We focus here on the integration between metabolic models and gene regulatory networks for studies of growth phenotypes. Metabolic models represent the chemical reactions required for growth and sustenance [5], whereas gene regulatory networks comprise the biological programs responsible for regulating cell function [6]. We aimed to use data analysis and mathematical modeling tools to improve both the quantity and quality of biological hypotheses relating to these two subsystems.
Related approaches include: pFBA [7] which involves two-level optimization together with post-processing and the detection of redundant fluxes, E-flux [8] in which the linear constraints on fluxes are derived from gene expression data for control and a specific conditions, GIMME [9], which uses gene expression data and a regulatory metabolic objective to detect inconsistencies in fluxes, and iFBA [10], in which a kinetic model of E. coli catabolite repression has been integrated into a simplified metabolic model. The iFBA approach requires the setting of a number of Ordinary Differential Equations(ODE) with their kinetic parameters, which decreases the generality of the model. Another integrative approach is PROM [11] in which gene expression data sets are used to compute the conditional probability of an enzyme being expressed given that its regulators are perturbed, these probabilities then being used to constrain a flux balance analysis model. Similarly, TRFBA uses gene expression data and a piece-wise linear model to formulate an optimization program accounting for gene expression [12]. One of the main drawbacks of all these previously described methods is the need to determine which TFs regulate each gene. These approaches are therefore dependent on the quality of the curated network.
We used a statistical reverse engineering method, hLICORN [13], to infer the targets of a given set of regulators at the genome scale. We then assessed the effect of a regulator on its inferred targets in a particular data set, using the CoRegNet [14] tool, which has functions for scoring the activating or repressing effects of a regulator. The derived score, or “influence”, represents the transcriptional state of the cell and forms the basis for posterior integration with metabolic models. CoRegNet allows prior knowledge from various sources to be integrated into the model, in accordance with the recommendations of the DREAM5 consortium [15]. Despite the many and varied publications on gene regulatory network inference [15], few efforts have been made to integrate these inference methods into other systems biology tools.
We based our metabolic analysis on phenotype simulations.

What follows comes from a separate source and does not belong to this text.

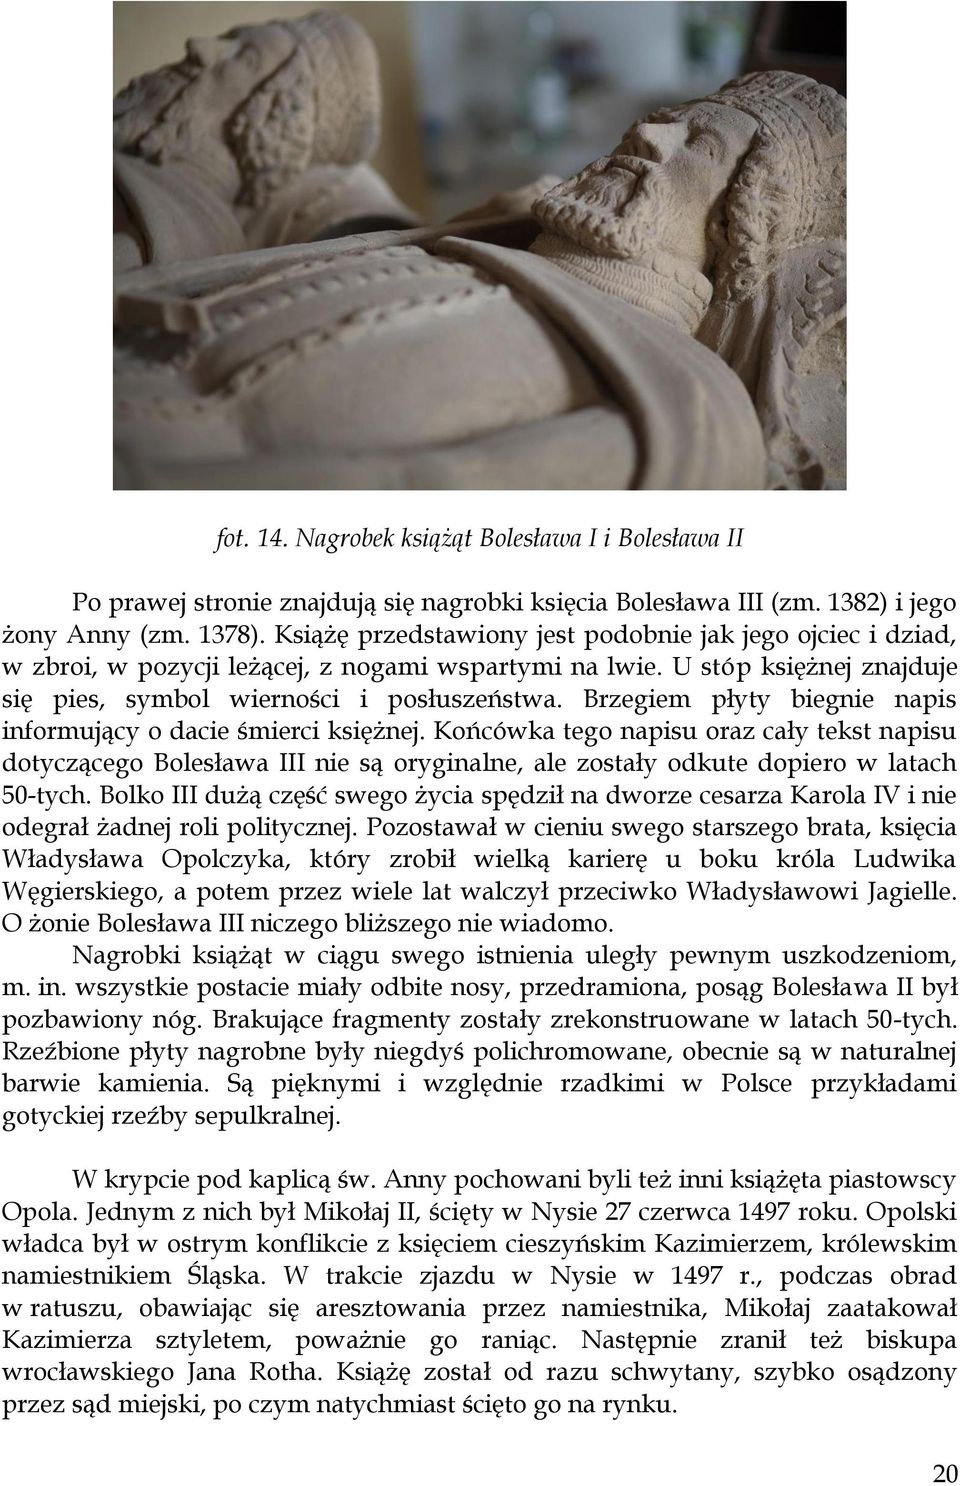 Brzegiem płyty biegnie napis informujący o dacie śmierci księżnej. Końcówka tego napisu oraz cały tekst napisu dotyczącego Bolesława III nie są oryginalne, ale zostały odkute dopiero w latach 50-tych.

We used a well-documented model of yeast metabolism iTO977 [16]. We assembled the inferred gene regulatory and metabolic model together in a rational manner, to simulate growth phenotype and exchange fluxes in an algorithm that we call CoRegFlux. We tested our solution against other state-of-the art methods in a rigorous experimental setting for model benchmarking and comparison [17].
Methods
Genetic regulatory network inference
The first step of our algorithm is the inference of a genome-scale regulatory network. This network captures the interactions between regulators (TF and/or kinases) and target genes, which, in our case, encode metabolic enzymes.

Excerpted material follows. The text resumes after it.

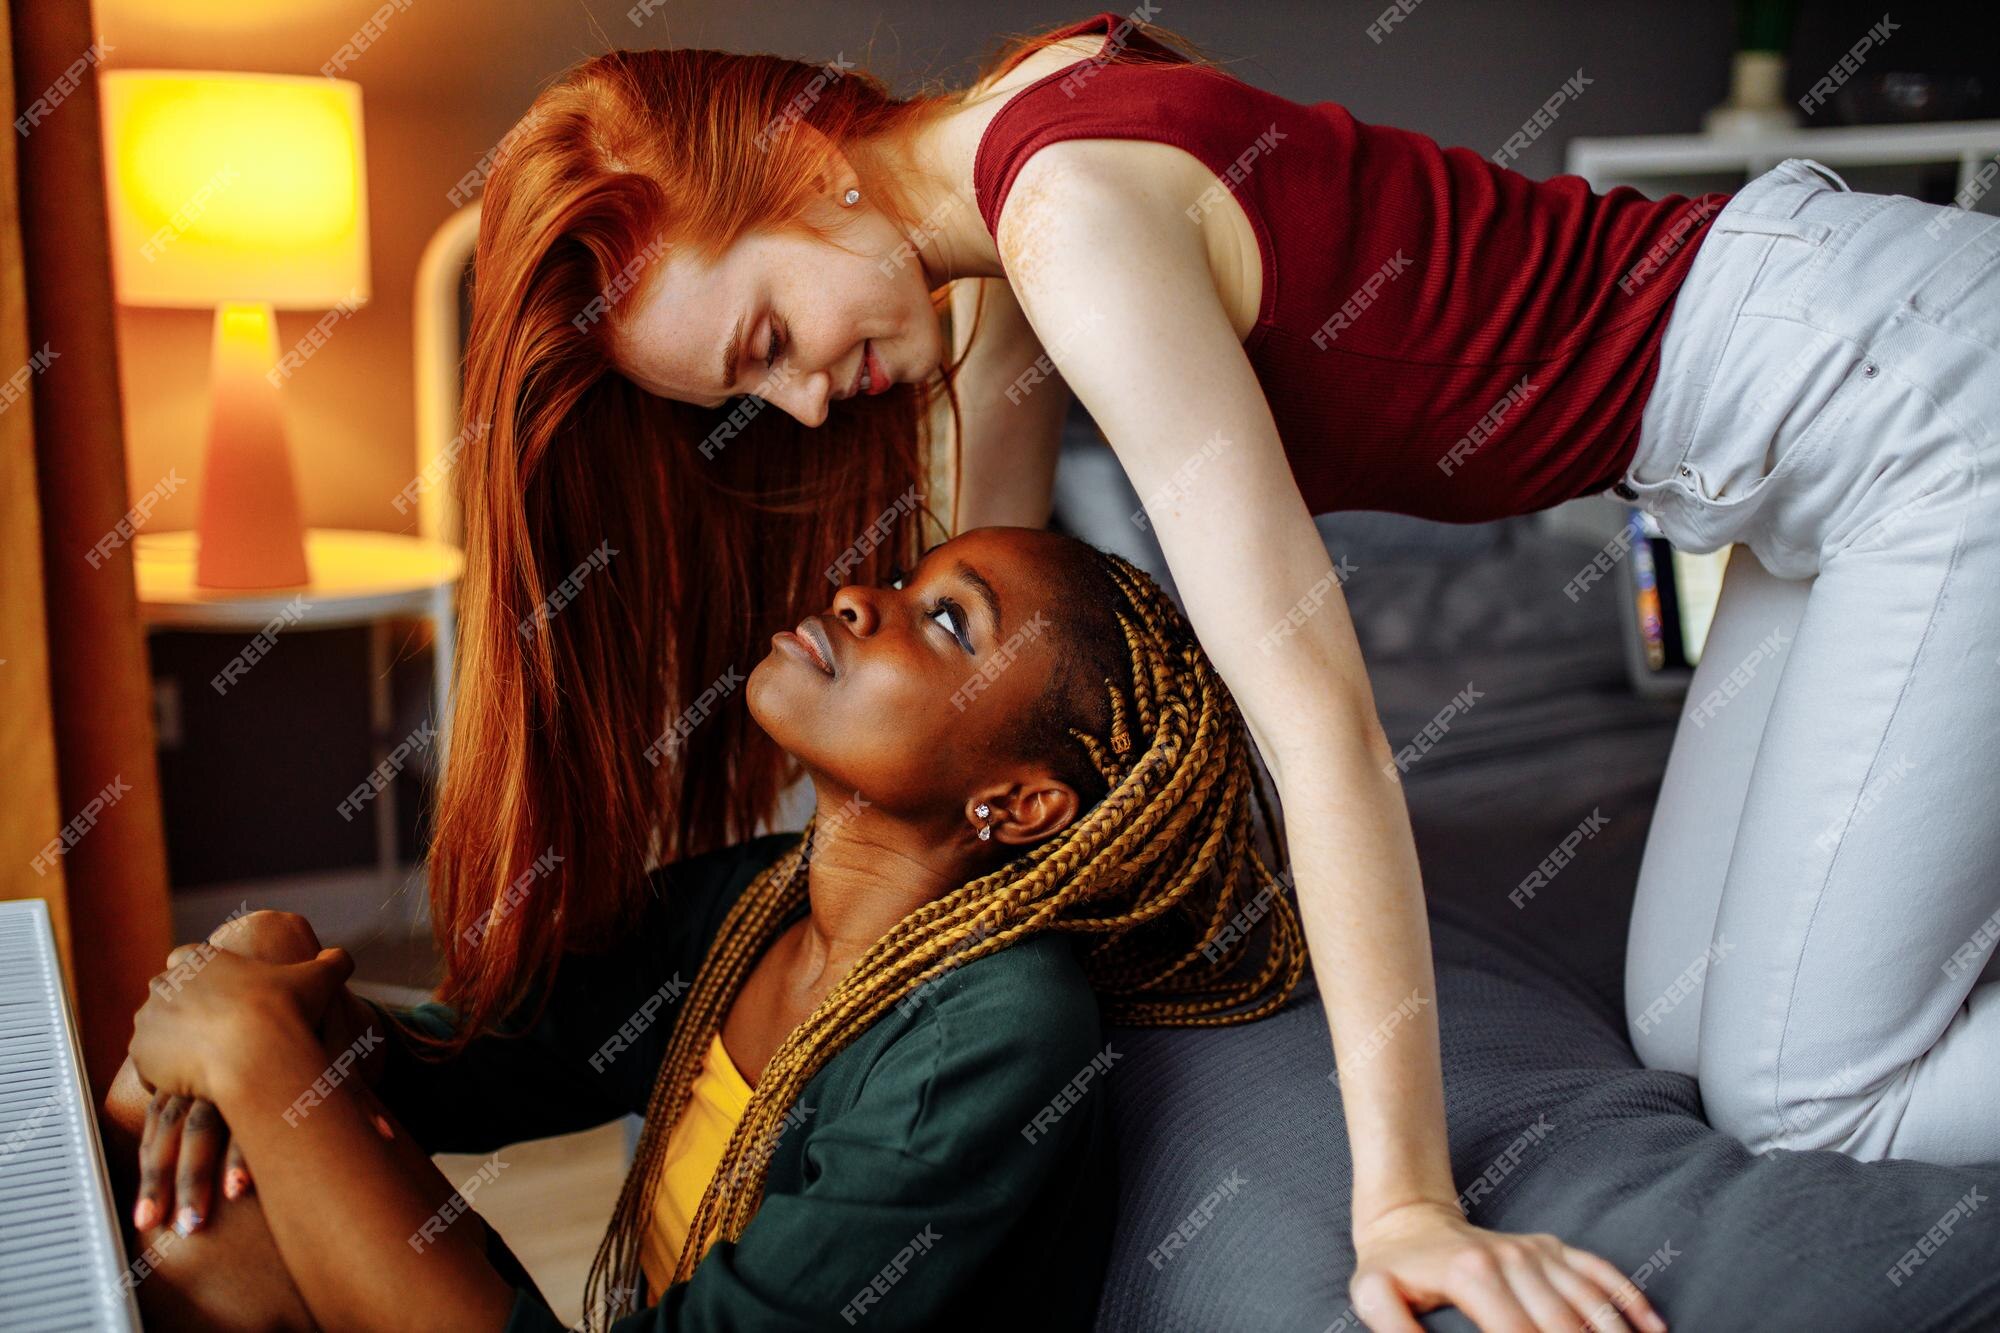 El otro día Amplificar veredicto Alegres mujeres lesbianas afro y europeas en casa en la cama | Foto Premium

For this purpose, we use CoRegNet [14], a Bioconductor package suitable for reverse-engineering and analyisis of large biological networks. Briefly, CoRegNet is a workflow that use the algorithm [13, 18] to mine candidates GRNs set of co-activators and co-inhibitors for each genes. h-LICORN splits genes into regulator and target sets, then discretizes gene expression on the basis of a specified threshold and uses a frequent itemset mining algorithm to find the regulatory elements for each target. In a second step, it determines for each gene the best sets among those candidates by running a regression model. The continuous data can be used alone to refine the original network by selecting for each target the gene regulatory network (GRN) with the best R ^{2} score based on the linear model used to estimate the expression. However, CoRegNet can also refine GRNs by incorporating evidence into the network using an integrative selection algorithm and applies it to the selection of local GRN models. Each GRN is scored by the inference method h-LICORN and by each of the integrated dataset. Following this, to each GRN is associated as many scores as they are integrated regulatory and cooperative datasets in addition to the network inference R ^{2} score, all which range from 0 to 1. Finally, for each gene, the GRN with the maximum merged score is selected. The refined network obtained is then transformed into a cooperativity network, based on the common targets of regulators.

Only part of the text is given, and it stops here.